ブランチ:そうなの。ドキドキしてくるの。(いっぱいに音量をあげて)踊りましょう?
スタンリー:(飛び込んできて)いいかげんにしろ! 騒ぎたいならオモテで騒げ! ホラ!(と、ラジオを窓から放り投げる)
スタンリー:近所迷惑もはなはだしいぞ。 ステラ:(バスルームから駆け込んで来る)酔っぱらい! 酔っぱらいの、ケダモノ! (カーテンの向こうに入って行って)もう帰って! みんな帰って! あんたたちには常識ってものがないの! スタンリー:(飛びかかるように追いかけて行く) ブランチ:ステラ! ステラの声:(カーテンの向こうで)なによ。ぶちたかったら、ぶちなさいよ! ふざけんじゃないわよ! この酔っぱら……

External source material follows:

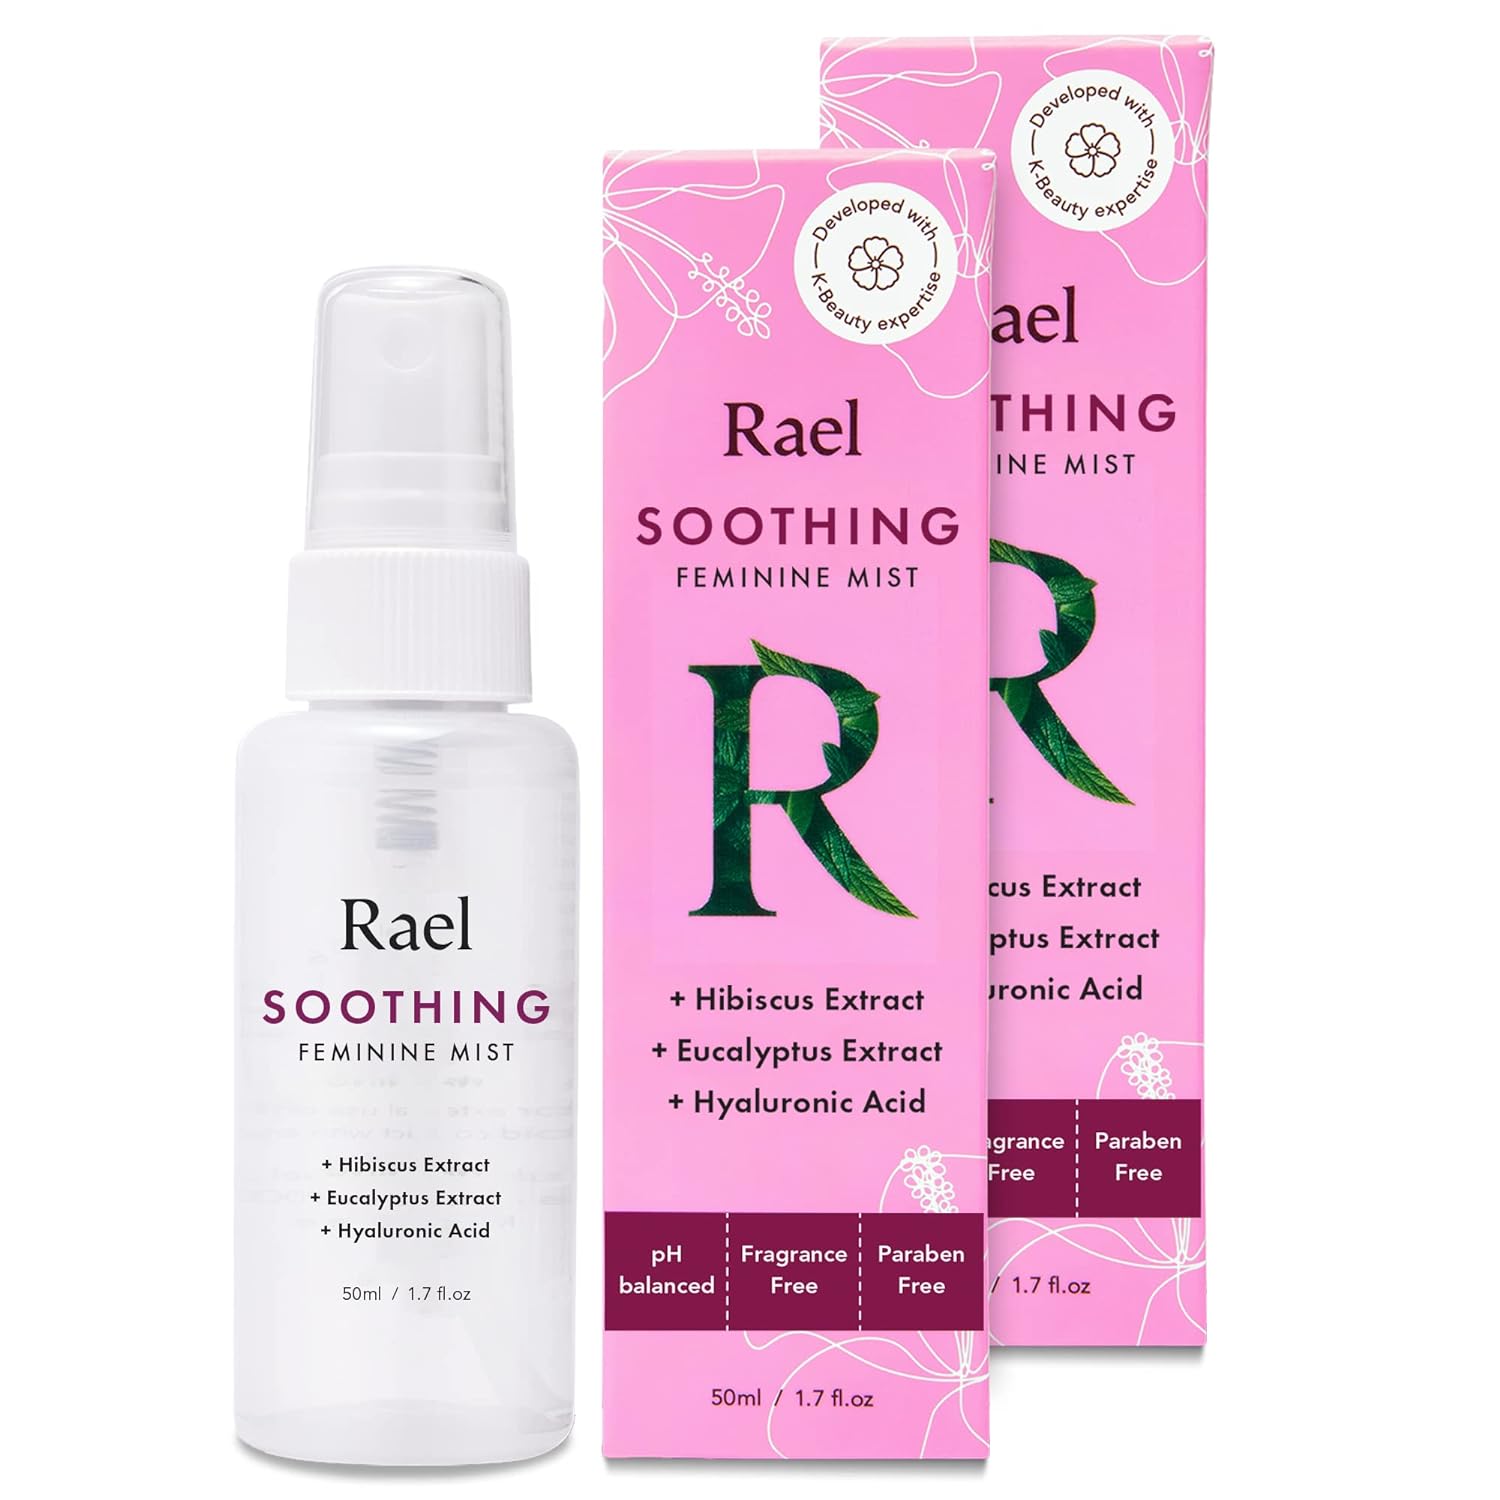 Rael Feminine Spray, Soothing Mist - pH Balance, Intimate Spray for Women, Unscented, On The Go, Clean Ingredients, Irritation & Odor Care (1.7 Fl Oz, Pack of 2)

男1の声:ママ! ママ! ママ! 男2の声:アッハッハ。アッハッハ。 ブランチ:(ミッチに)あの子のお腹のなかには赤ちゃんがいるのよ! ミッチ:そりゃ大変だ。(飛び込んでいく)スタンリー! ブランチ:狂ってるわ。キチガイだわ。 ミッチの声:スタン。落ち着けよ。 ステラの声:出てくわ! 私。出てくわ!
ミッチ:(戻って来て)だから言ったんだ。女のいるところで本気になるなって。 ブランチ:ステラの服どこにあるか知ってる? ミッチ:いや。さあ? ブランチ:なんでもいいわ。(と、適当な引き出しを開けて)ちょっとどいて。ステラ!(と、連れに行く)もういいのよ。怖がらなくても。大丈夫よ。今夜はとなりの人に頼んで泊めてもらいましょう。(連れて来て)もうこんなところにいる必要なんかないわ。どこか遠くへ行きましょう。何とでもなるわよ。二人なら……
男1の声:バン! バン! バン! ウッ。ヤラレター! 男2の声:アッハッハッハ。 スタンリーの声:(バスルームから)出てけ! おまえらもみんな出てけ! ミッチ:だから言ったんだ。女のいるところで本気になるなって。(部屋を出て行く)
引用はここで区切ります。